What is SASE: Anatomy of a first-class, secure enterprise network
Last week was my second trip to Australia this year, and as someone who has always been lucky to work at the cutting-edge of global networking innovation, I’m always impressed to see the positive dynamic around the adoption of SASE Down Under. The fact that one in four of the ASX’s 50 largest companies use our solutions - along with a raft of government departments and smaller organisations - is a strong sign of the savviness in the market. But many organisations are also still exploring how they can optimise their network to deliver both the best connectivity and strong security and data protection to remote workers and devices, and I thought a focus on how networking has evolved in recent years would be relevant.
Australian workforces have never been so geographically distributed. Recent studies estimate that 40 to 50% of white-collar workers in Australia are now working in hybrid conditions, adding to a large cohort of non-office workers who increasingly use digital–and mostly cloud–applications to do their daily work, with notable mobile connectivity requirements.
We have entered a new era of borderless organisations, characterised by distributed users and devices, IoT ecosystems, multiple company locations, and cloud environments, all communicating with each other and leaving organisations with new and much more complex digital estates. In this new era, modern organisations require new access control requirements and flexible and dynamic network infrastructure that can sustain significant workloads and deliver both performance and security anywhere, including in the cloud and anytime.
Overcoming those challenges was the main objective when I participated in the development of the first software-defined wide area networking (SD-WAN) solution, set to upgrade Multiprotocol Label Switching (MPLS) models.
Companies’ traffic used to transit from offices to data centres over MPLS links, but the emergence of the cloud and increase in voice and video collaboration significantly increased bandwidth requirements, and MPLS became expensive and didn’t provide visibility and control over this increased traffic.

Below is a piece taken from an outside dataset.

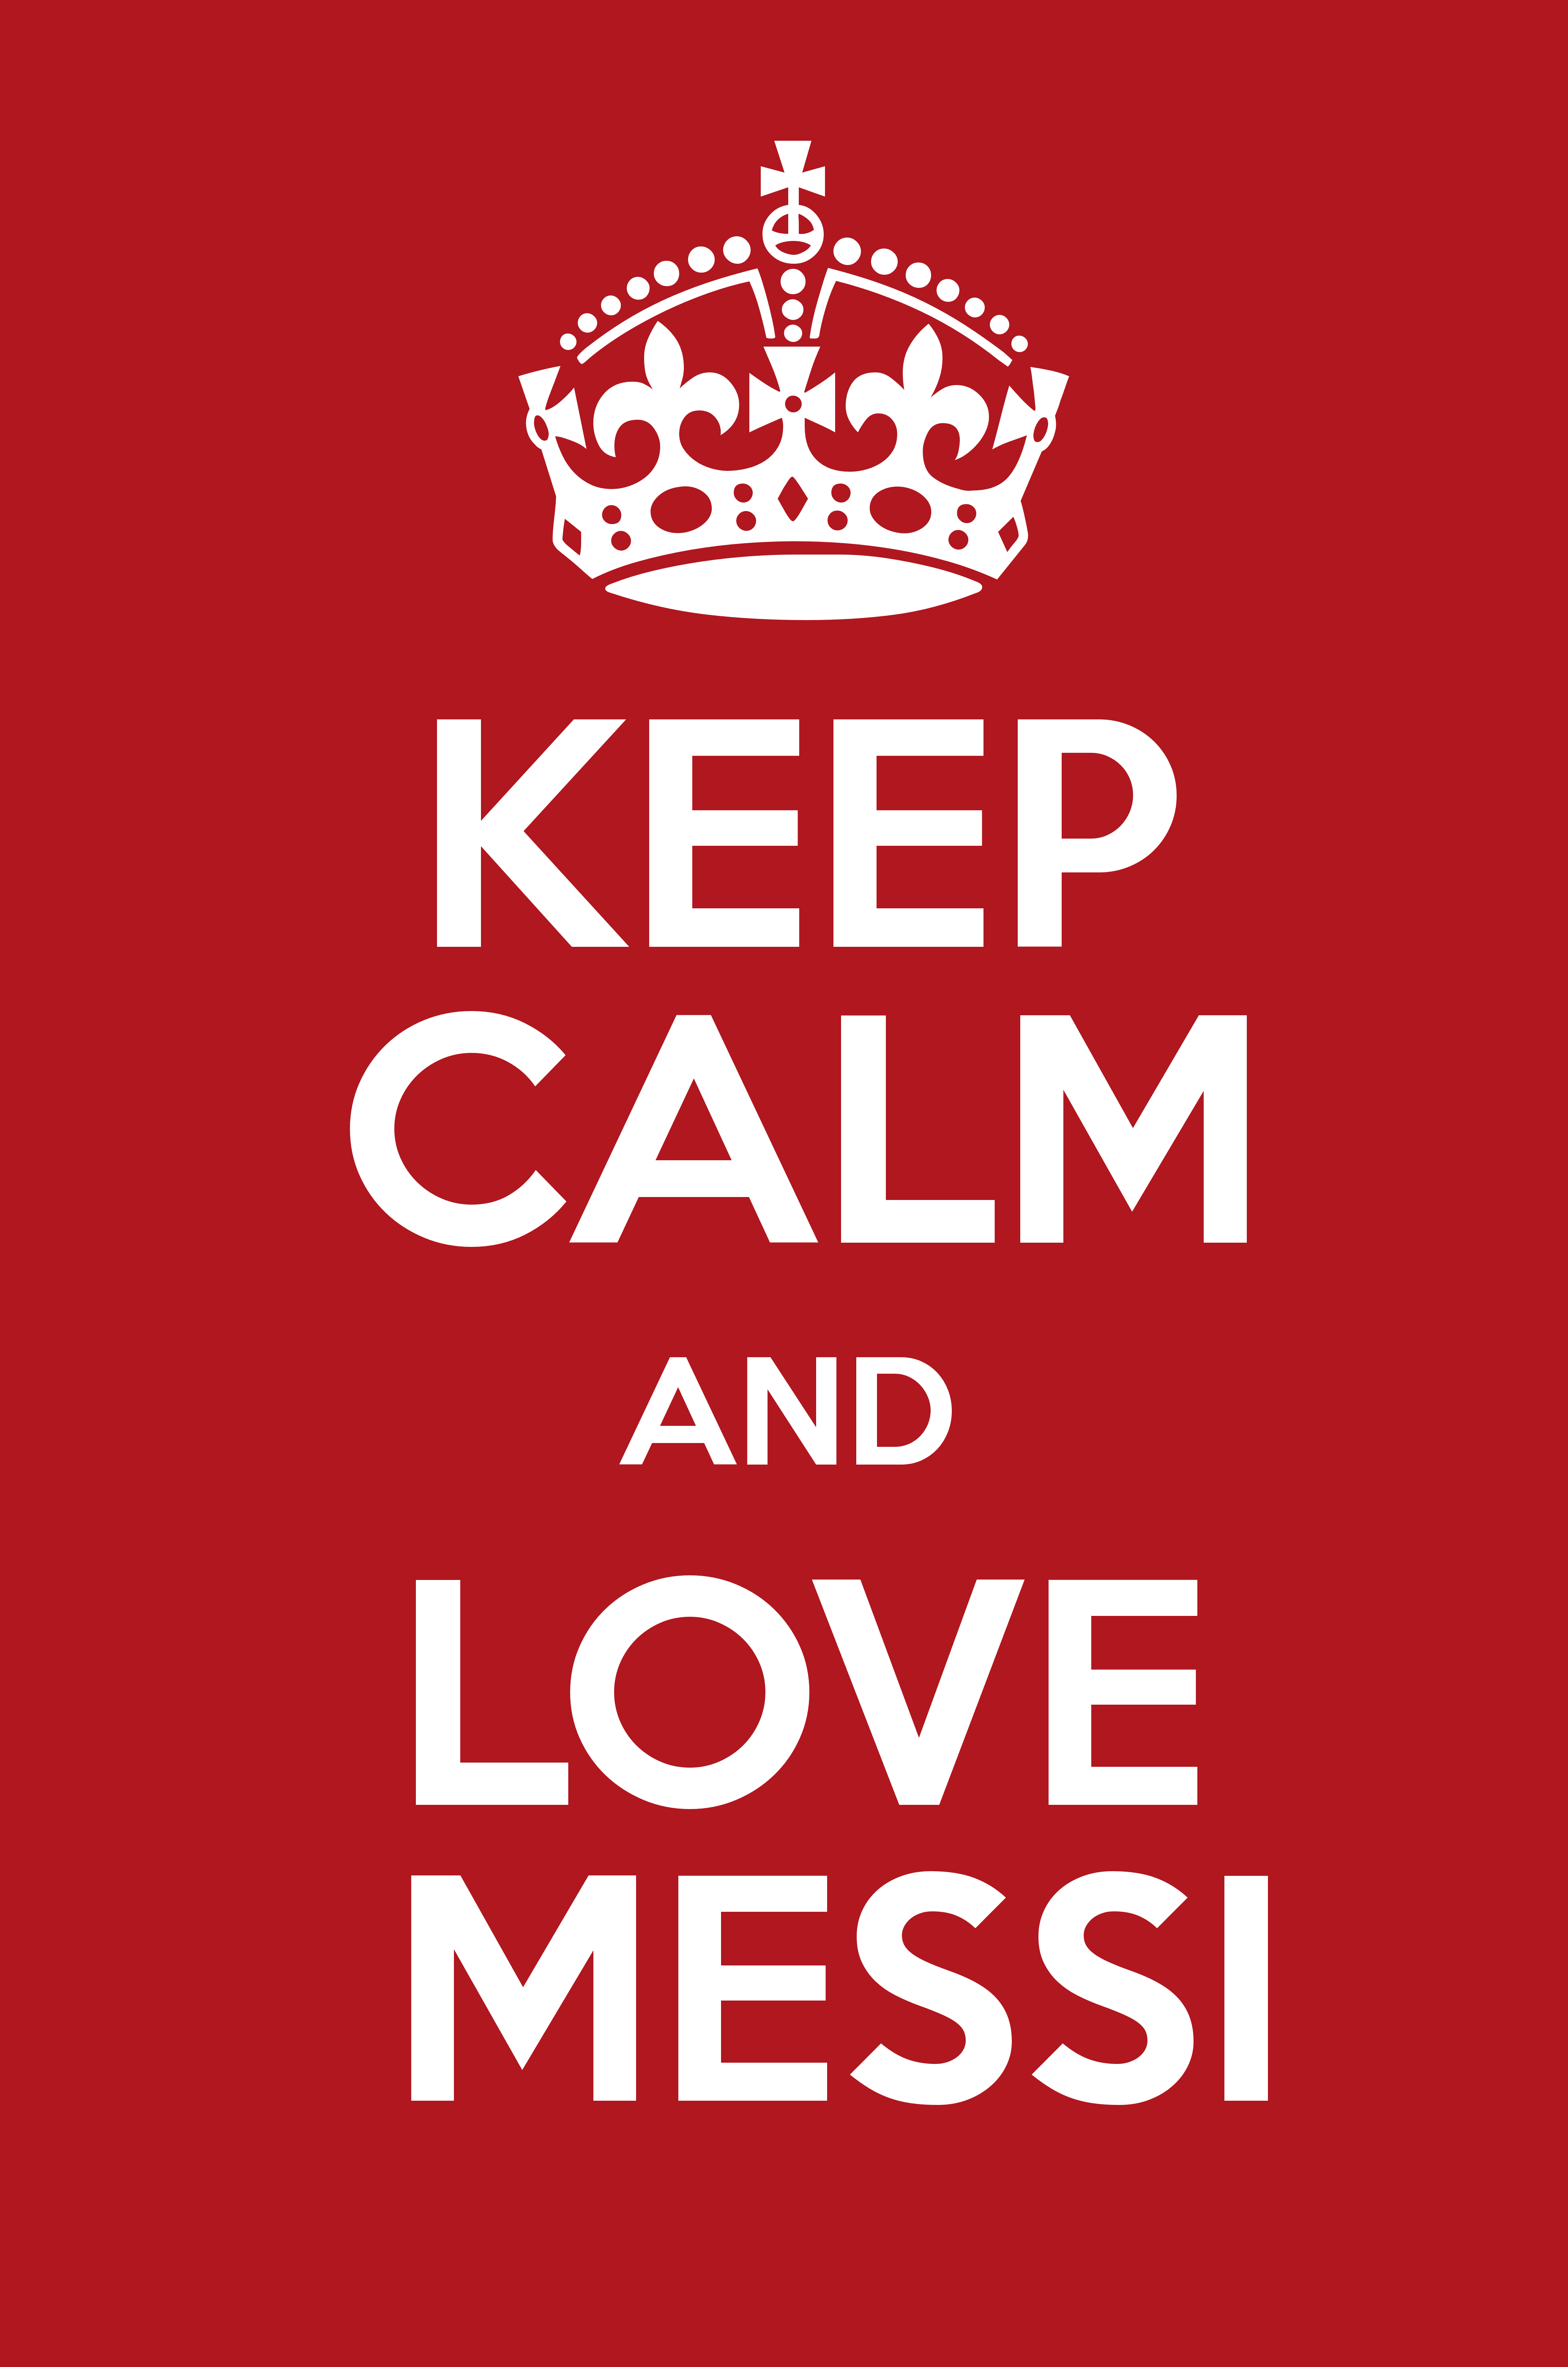 KEEP CALM AND LOVE MESSI Calm and Posters Generator, Maker

SD-WAN was born to allow enterprise sites to connect directly to distributed on-premise and SaaS applications and deliver consistent performance and security over commodity broadband links, effectively improving MPLS with high-bandwidth affordable internet links. It removed the need for traffic to transit over costly private networks or through a centralised data centre and delivered visibility and control over those applications. But SD-WAN was quickly challenged.
The need for a new SD-WAN
While SD-WAN brought a beneficial change in networking at the time, the acceleration of cloud and IoT adoption and the distribution of the workforce are creating networking and security needs among organisations that SD-WAN was not designed to address.
It was designed to offer visibility and control over a few thousand applications, but not the tens of thousands of SaaS applications or millions of IoT devices we are witnessing nowadays, nor to deliver consistent and high-performance connectivity and security to every remote (and mobile) user, device, site or multi-cloud environment. SD-WAN is generating frustration among networking teams and employees who, in 2023, are expecting the same connectivity and security capabilities working from home or a hotel or from the office.

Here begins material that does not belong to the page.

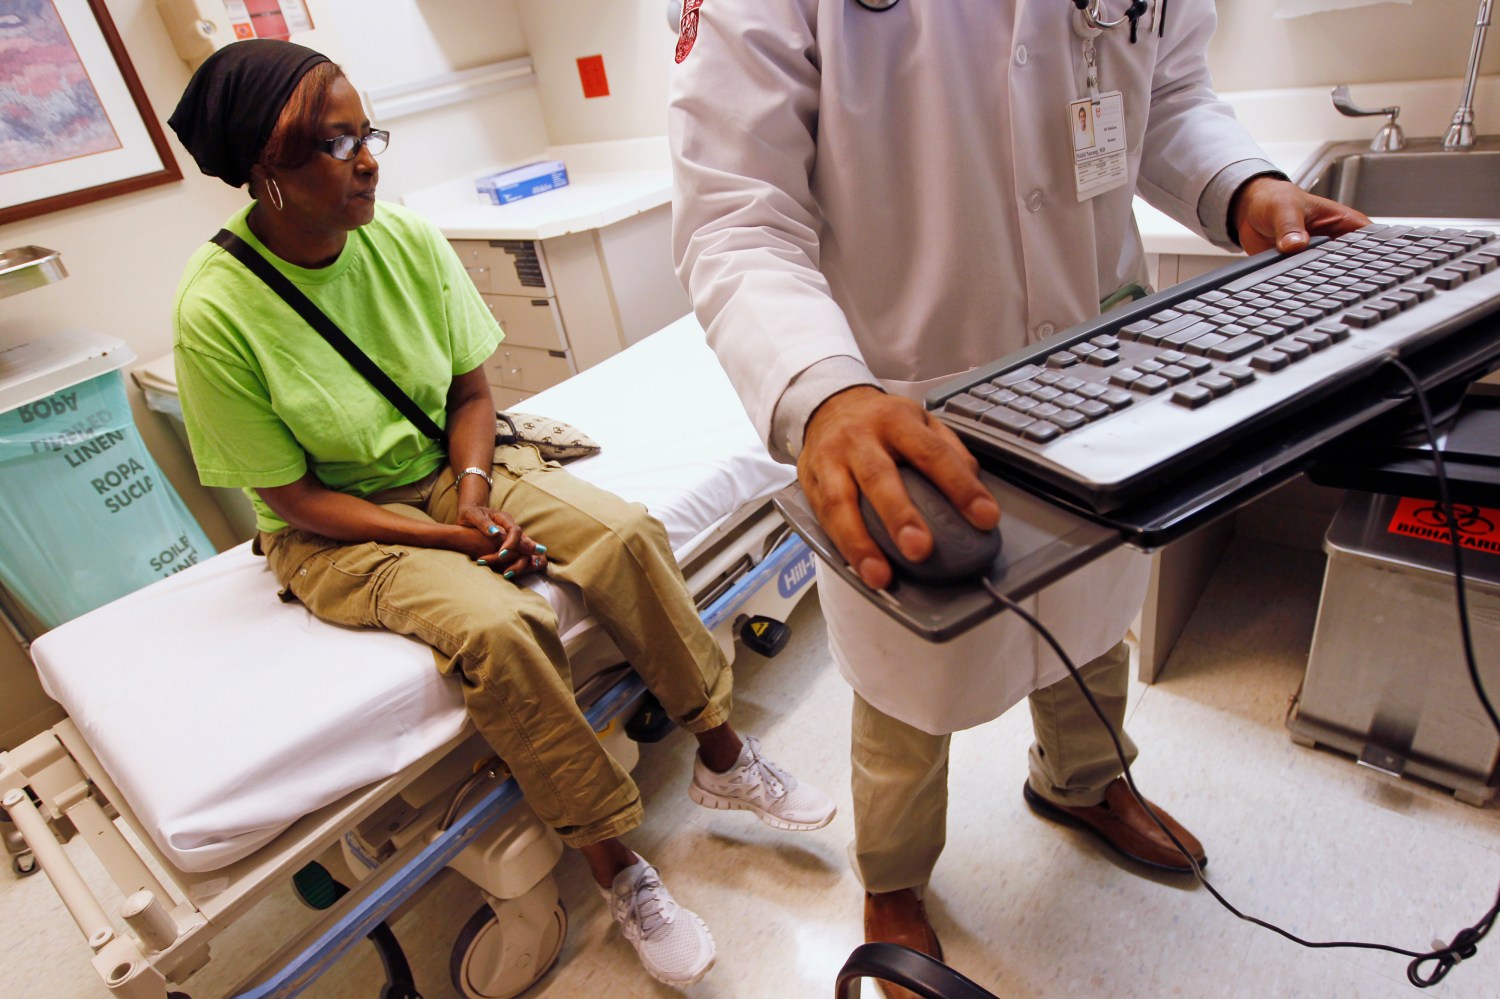 Patient Sharon Dawson Coates (L) waits as Dr. Nikhil Narang enters data into her chart after examining her knee

The next era of networking is one where networking operations are smarter and more secure, thanks to the convergence of networking and security based on context-aware zero trust principles. Zero trust-enabled, context-aware SD-WAN delivers high-performance networking and security without trade-offs, with contextual policies that consider applications, users, devices and associated risks and dynamically adjust capacity and security guardrails based on their behaviours and actions.
A concrete example of how granular these adjustments can be is Netskope’s Zero Trust engine. The Cloud Confidence Index (CCI) determines the enterprise readiness score of an application, and based on its score, the engine defines Smart Quality of Service defaults for the app, and it does so for over 60,000 cloud applications. Each organisation can adjust those policies to their needs, whether for SD-WAN traffic engineering or AI/ML-powered SD-WAN security for IoT visibility and protection.

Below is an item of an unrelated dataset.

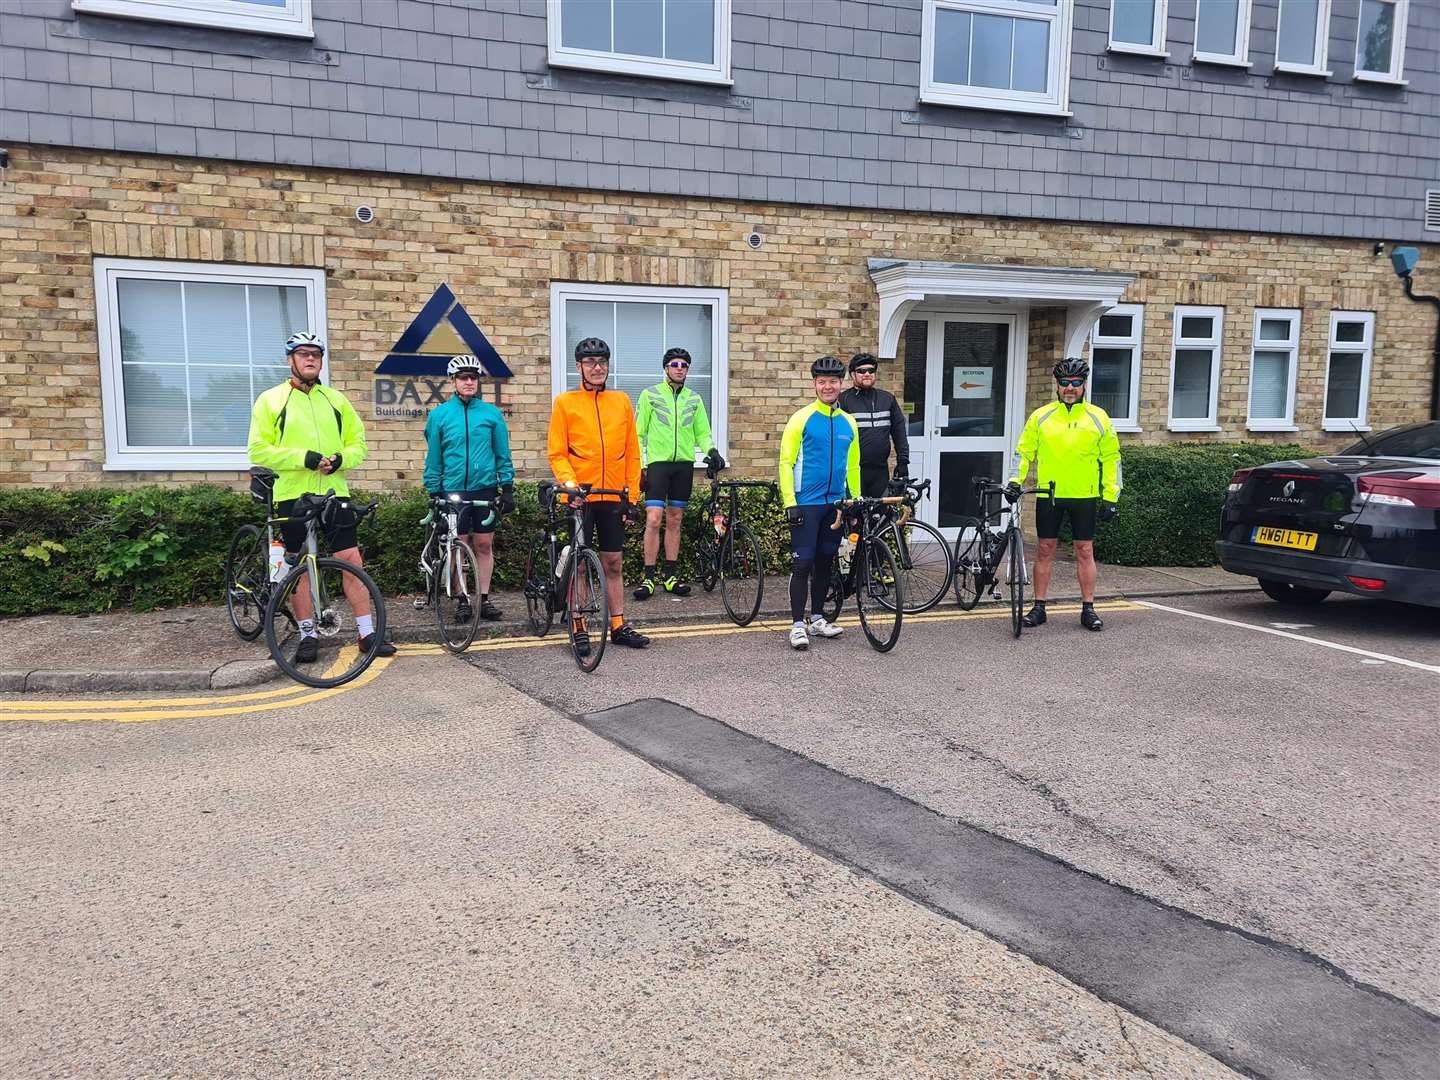 Paddock Wood-based Baxall Construction has pledged to support the ellenor bike cycle challenge for a second year. Picture: ellenor

These adaptive policies require closer collaboration and integrations between the networking and security teams, allowing the former to tap into the latter’s granular and context-aware insights to deliver consistent security and improved quality of experience.
In a business environment, deploying old-school SD-WAN can translate into more complexity, with many organisations ending up having to maintain VPN clients, SSE clients and SD-WAN appliances, generating higher costs, lacking end-to-end visibility, and hindering the identification and resolution of security and networking incidents. A software-based SASE agent includes all the benefits of SD-WAN and SSE, providing cutting-edge security and connectivity, granular and dynamic access policy while removing the need for VPNs on employees’ devices, remote hardware management logistics, and reducing administrative burden.
While adoption is well on its way, many Australian organisations are still trying to solve the equation of providing fast, reliable and secure access to any application and device at any location so users can have consistent policy that supports SD-WAN and SSE in the office or when they are remote. Zero trust, context-aware SD-WAN and SASE solve this equation, delivering an intelligent network designed for modern businesses. No wonder Gartner predicts that Security Access Service Edge (SASE) will be a $15 billion market in 2025, with adoption growing at a 36% CAGR per year.